### What is required
Nothing outside the lines below from the one containing "Rutland youth sailors" through the one containing "A stock office" is to be printed; print those exactly, ends included, and drop the pictures.

### Material for this task
# # #
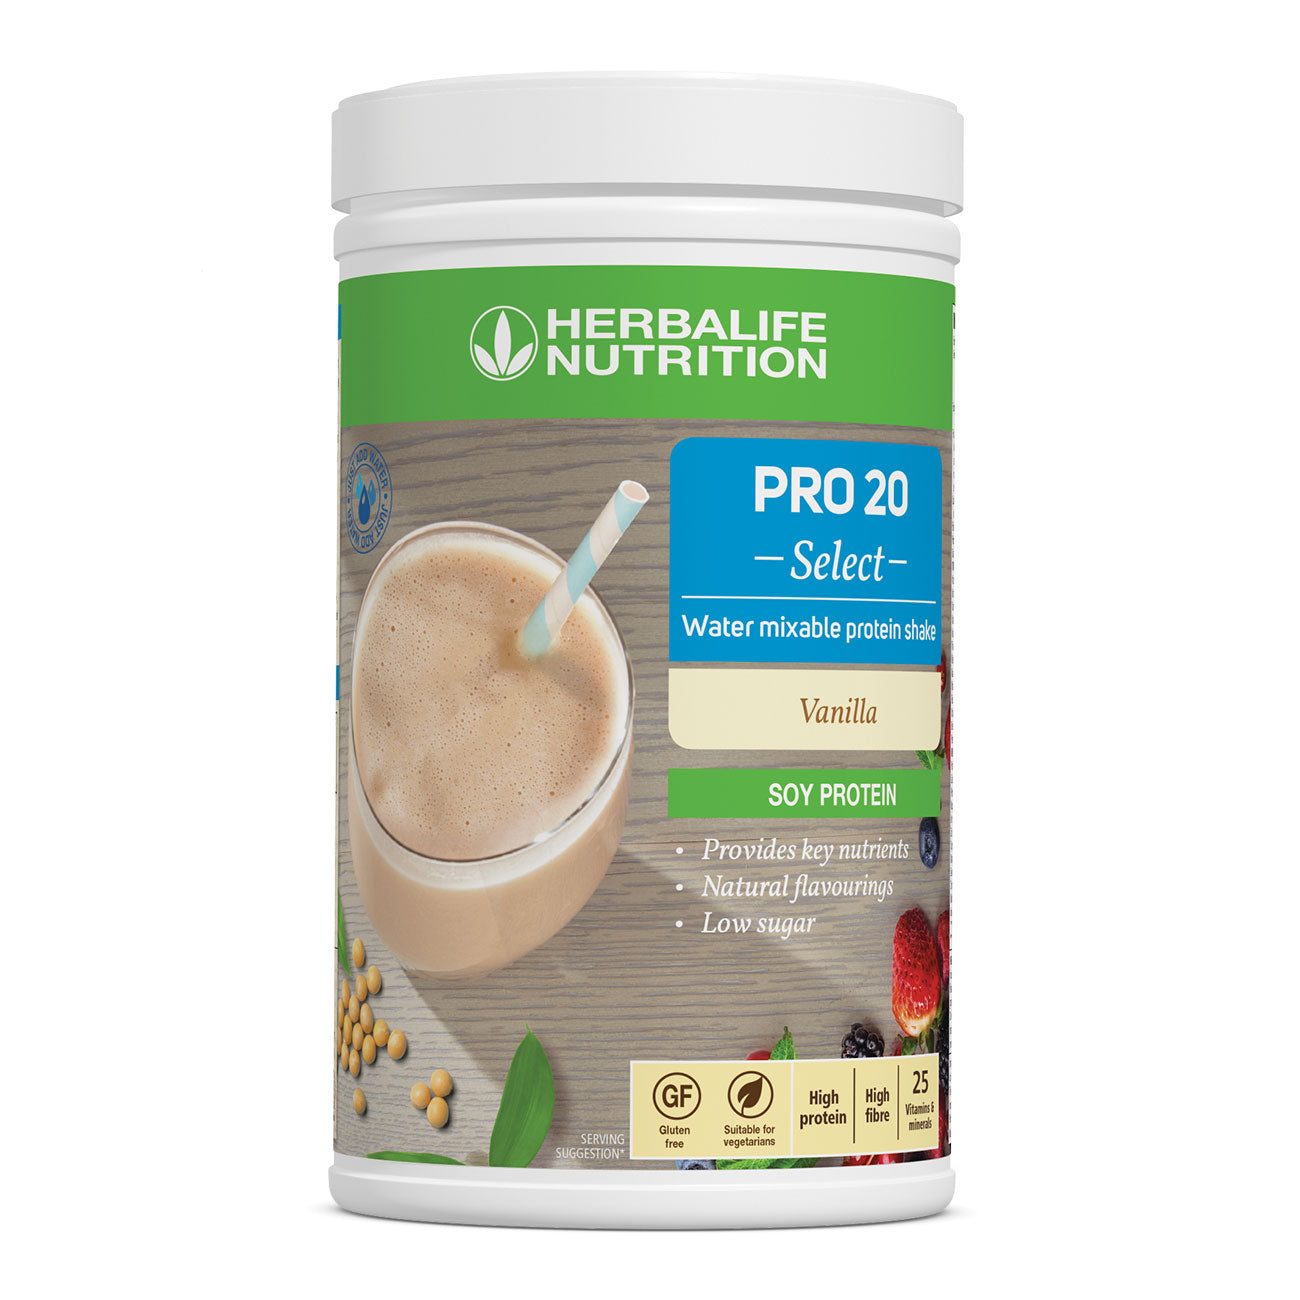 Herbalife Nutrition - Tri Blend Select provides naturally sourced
# # #
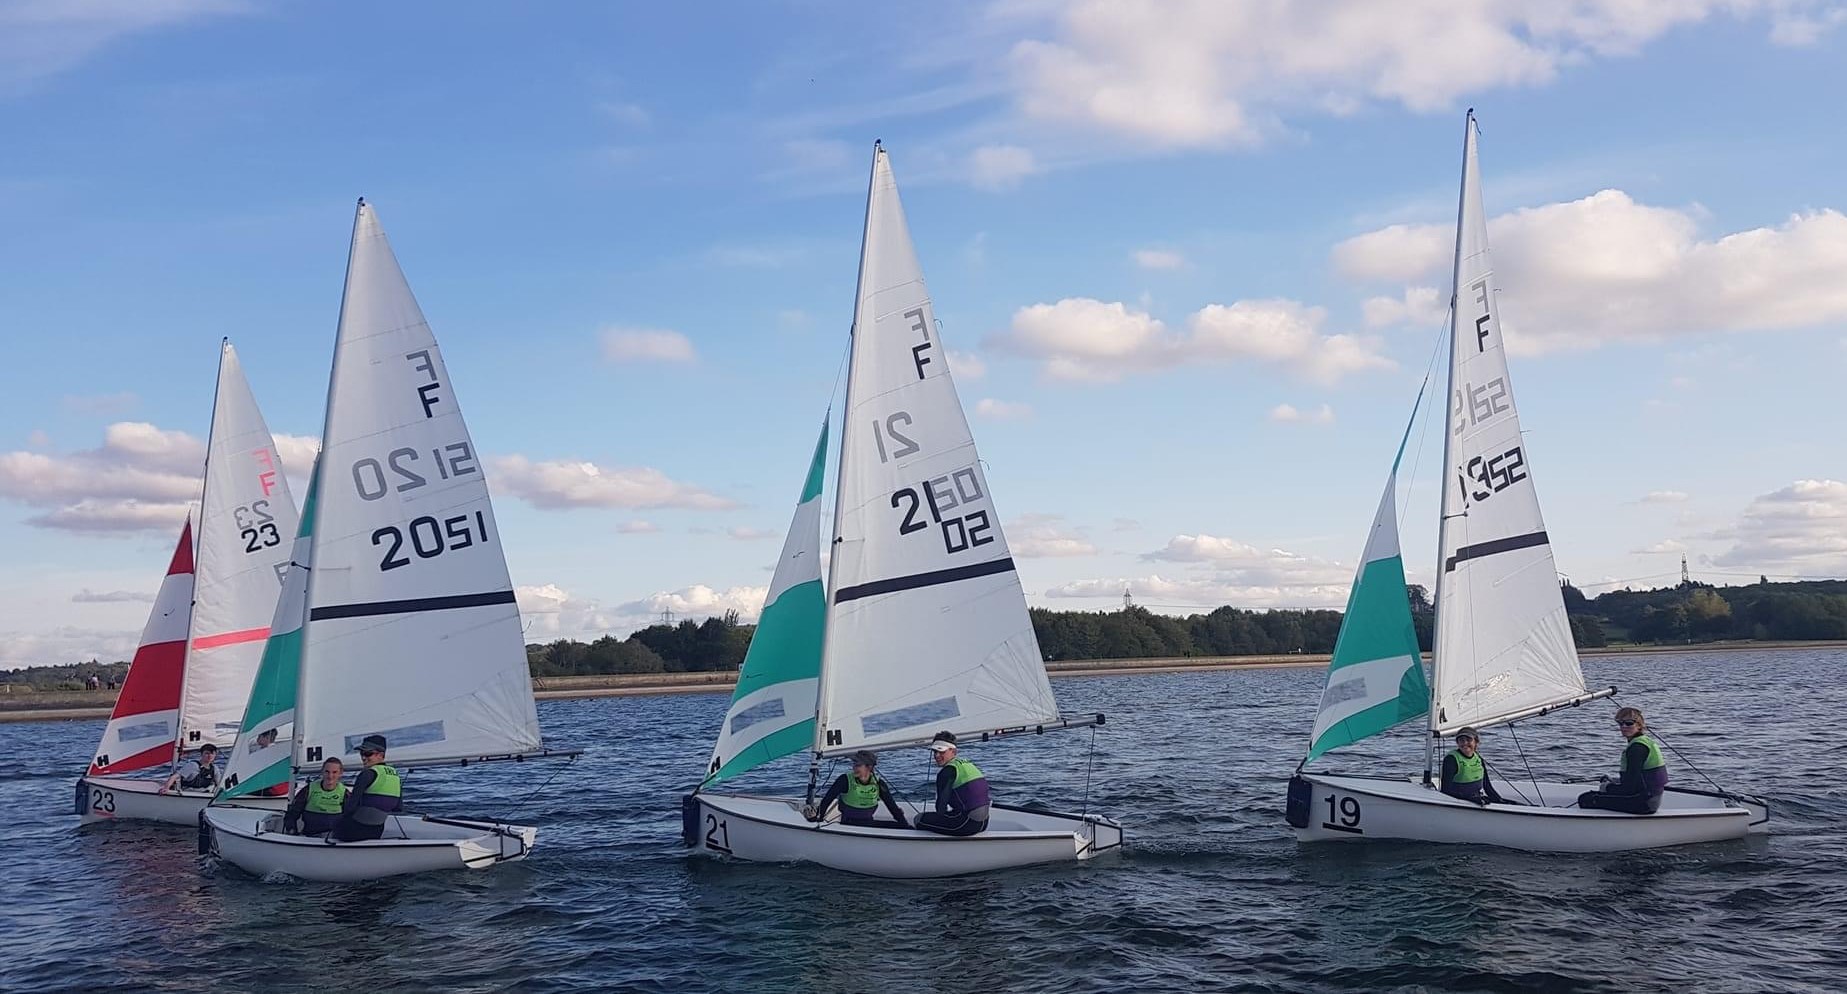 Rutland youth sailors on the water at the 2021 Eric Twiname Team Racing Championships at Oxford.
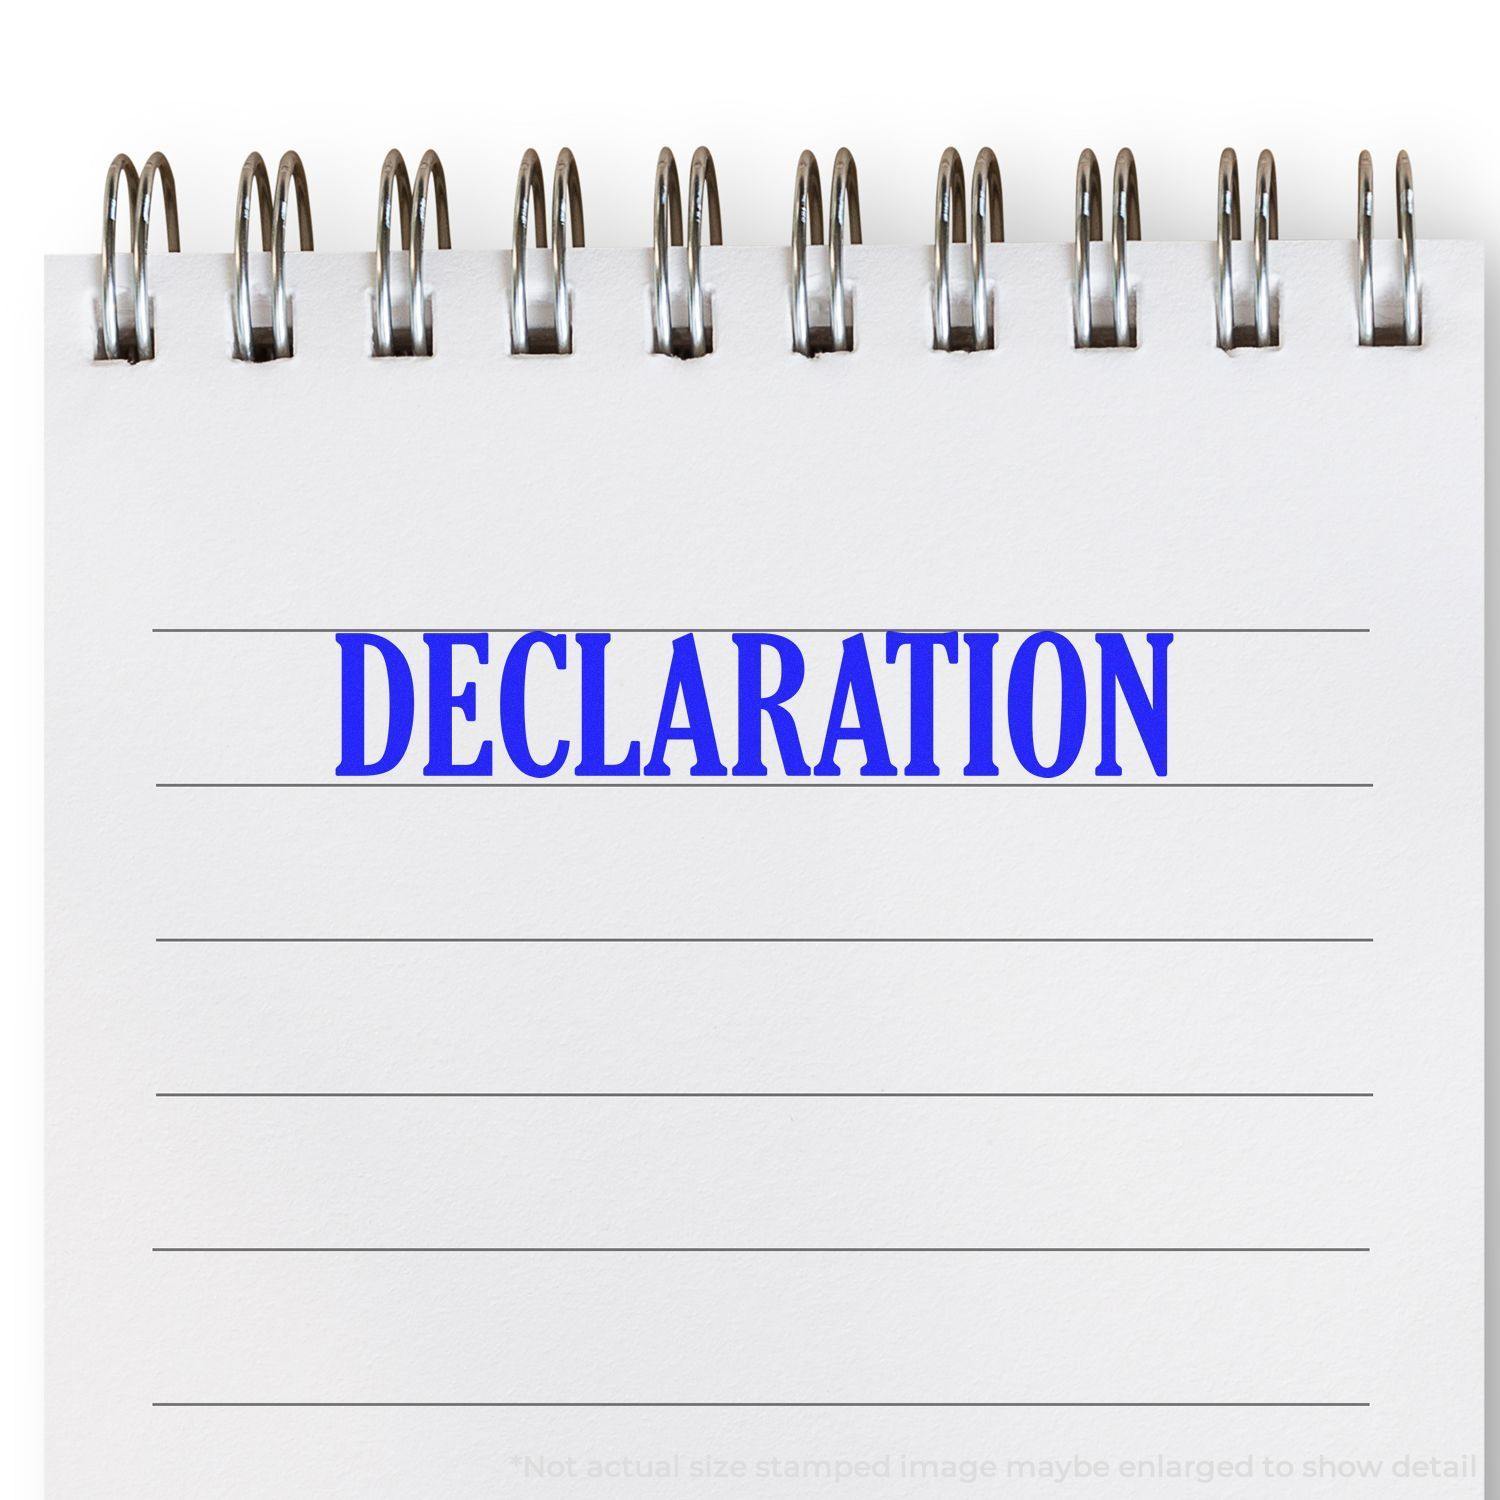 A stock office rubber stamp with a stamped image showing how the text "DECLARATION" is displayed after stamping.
# # #
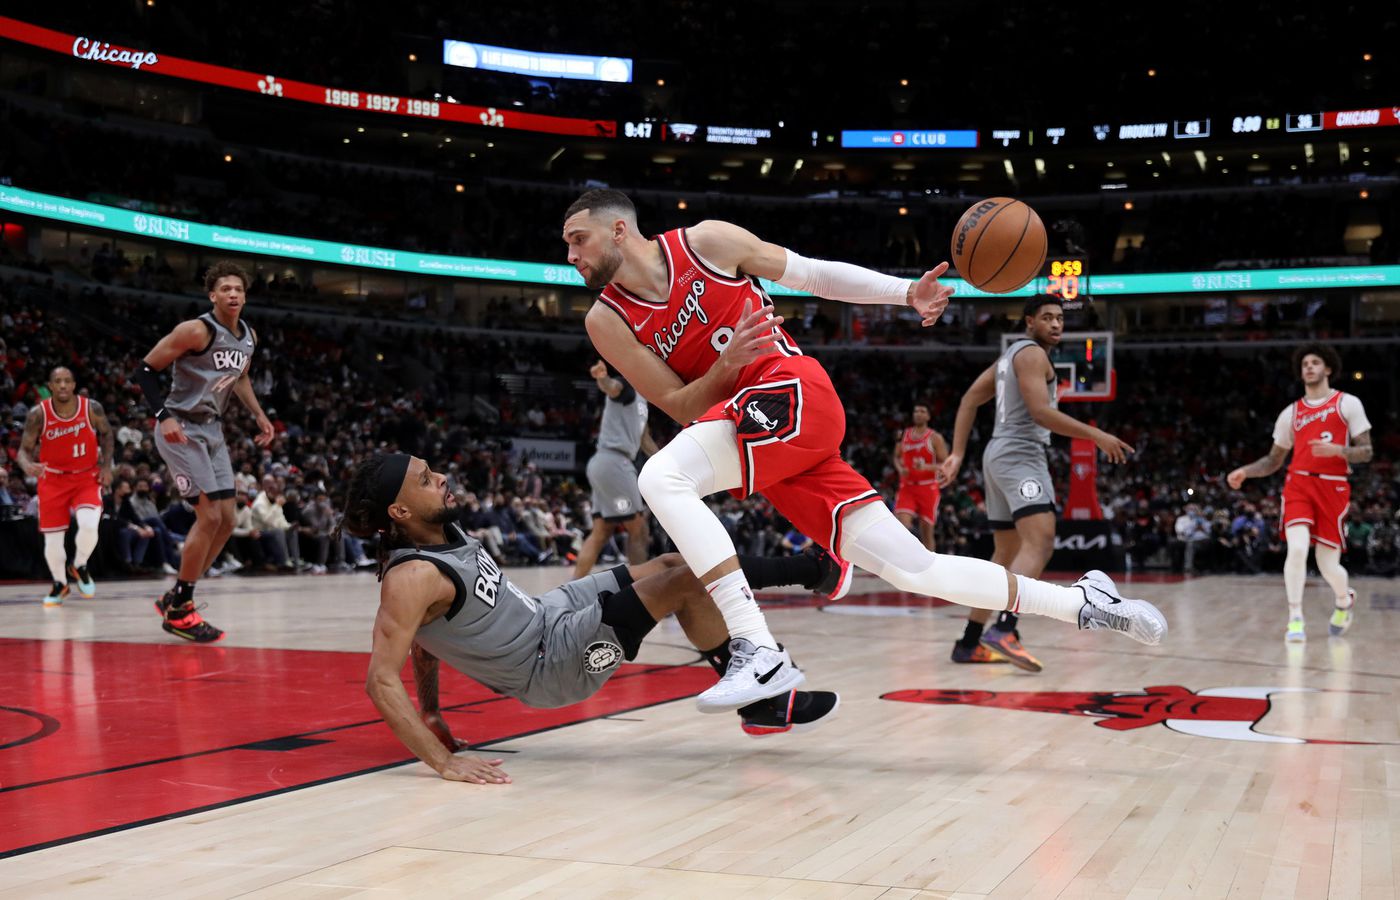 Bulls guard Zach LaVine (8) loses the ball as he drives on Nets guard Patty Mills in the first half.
# # #
### The completed task
 Rutland youth sailors on the water at the 2021 Eric Twiname Team Racing Championships at Oxford.
 A stock office rubber stamp with a stamped image showing how the text "DECLARATION" is displayed after stamping.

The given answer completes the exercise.